▶ _TASK REQUIREMENTS_:
Repeat exactly the lines that run from the one containing "d2c7f68db68e7 كونى مميزة" to the end of the data, and leave out all others.

Extracted records:
Segment Open

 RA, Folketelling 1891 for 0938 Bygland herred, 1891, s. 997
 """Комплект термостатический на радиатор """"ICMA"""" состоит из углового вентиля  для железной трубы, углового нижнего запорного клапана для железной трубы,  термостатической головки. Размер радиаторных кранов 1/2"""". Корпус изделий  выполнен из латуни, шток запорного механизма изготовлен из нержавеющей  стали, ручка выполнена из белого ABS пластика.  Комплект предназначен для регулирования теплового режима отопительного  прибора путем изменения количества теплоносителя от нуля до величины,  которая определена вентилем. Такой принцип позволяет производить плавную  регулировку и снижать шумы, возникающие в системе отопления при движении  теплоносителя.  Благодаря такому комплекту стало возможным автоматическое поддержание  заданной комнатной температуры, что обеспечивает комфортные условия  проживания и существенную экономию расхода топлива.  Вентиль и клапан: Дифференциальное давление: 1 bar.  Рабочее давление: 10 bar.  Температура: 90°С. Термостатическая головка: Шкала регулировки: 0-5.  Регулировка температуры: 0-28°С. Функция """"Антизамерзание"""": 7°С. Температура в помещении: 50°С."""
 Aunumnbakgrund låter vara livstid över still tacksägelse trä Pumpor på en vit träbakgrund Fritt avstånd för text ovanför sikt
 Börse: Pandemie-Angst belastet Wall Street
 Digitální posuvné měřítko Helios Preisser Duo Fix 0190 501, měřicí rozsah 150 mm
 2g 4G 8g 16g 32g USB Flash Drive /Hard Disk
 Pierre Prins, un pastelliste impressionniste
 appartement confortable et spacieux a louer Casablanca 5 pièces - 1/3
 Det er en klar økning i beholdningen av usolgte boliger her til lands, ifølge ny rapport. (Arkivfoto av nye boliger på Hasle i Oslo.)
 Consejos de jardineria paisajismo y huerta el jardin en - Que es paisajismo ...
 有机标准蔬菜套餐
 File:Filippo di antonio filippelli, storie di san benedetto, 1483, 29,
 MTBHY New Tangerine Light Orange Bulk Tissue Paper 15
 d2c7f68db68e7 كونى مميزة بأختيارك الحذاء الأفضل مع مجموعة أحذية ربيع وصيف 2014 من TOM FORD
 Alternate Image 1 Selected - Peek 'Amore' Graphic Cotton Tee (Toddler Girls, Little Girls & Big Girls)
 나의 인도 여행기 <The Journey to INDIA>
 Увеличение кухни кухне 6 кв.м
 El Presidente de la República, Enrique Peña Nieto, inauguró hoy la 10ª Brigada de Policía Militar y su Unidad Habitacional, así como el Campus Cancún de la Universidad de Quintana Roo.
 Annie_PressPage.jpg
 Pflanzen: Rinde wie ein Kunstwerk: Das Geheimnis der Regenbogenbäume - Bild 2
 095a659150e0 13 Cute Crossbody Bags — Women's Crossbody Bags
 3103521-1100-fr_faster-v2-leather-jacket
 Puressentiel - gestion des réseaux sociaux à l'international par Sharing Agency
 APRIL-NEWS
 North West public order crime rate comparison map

Segment Closed

▶ _EXERCISE RESPONSE_:
 d2c7f68db68e7 كونى مميزة بأختيارك الحذاء الأفضل مع مجموعة أحذية ربيع وصيف 2014 من TOM FORD
 Alternate Image 1 Selected - Peek 'Amore' Graphic Cotton Tee (Toddler Girls, Little Girls & Big Girls)
 나의 인도 여행기 <The Journey to INDIA>
 Увеличение кухни кухне 6 кв.м
 El Presidente de la República, Enrique Peña Nieto, inauguró hoy la 10ª Brigada de Policía Militar y su Unidad Habitacional, así como el Campus Cancún de la Universidad de Quintana Roo.
 Annie_PressPage.jpg
 Pflanzen: Rinde wie ein Kunstwerk: Das Geheimnis der Regenbogenbäume - Bild 2
 095a659150e0 13 Cute Crossbody Bags — Women's Crossbody Bags
 3103521-1100-fr_faster-v2-leather-jacket
 Puressentiel - gestion des réseaux sociaux à l'international par Sharing Agency
 APRIL-NEWS
 North West public order crime rate comparison map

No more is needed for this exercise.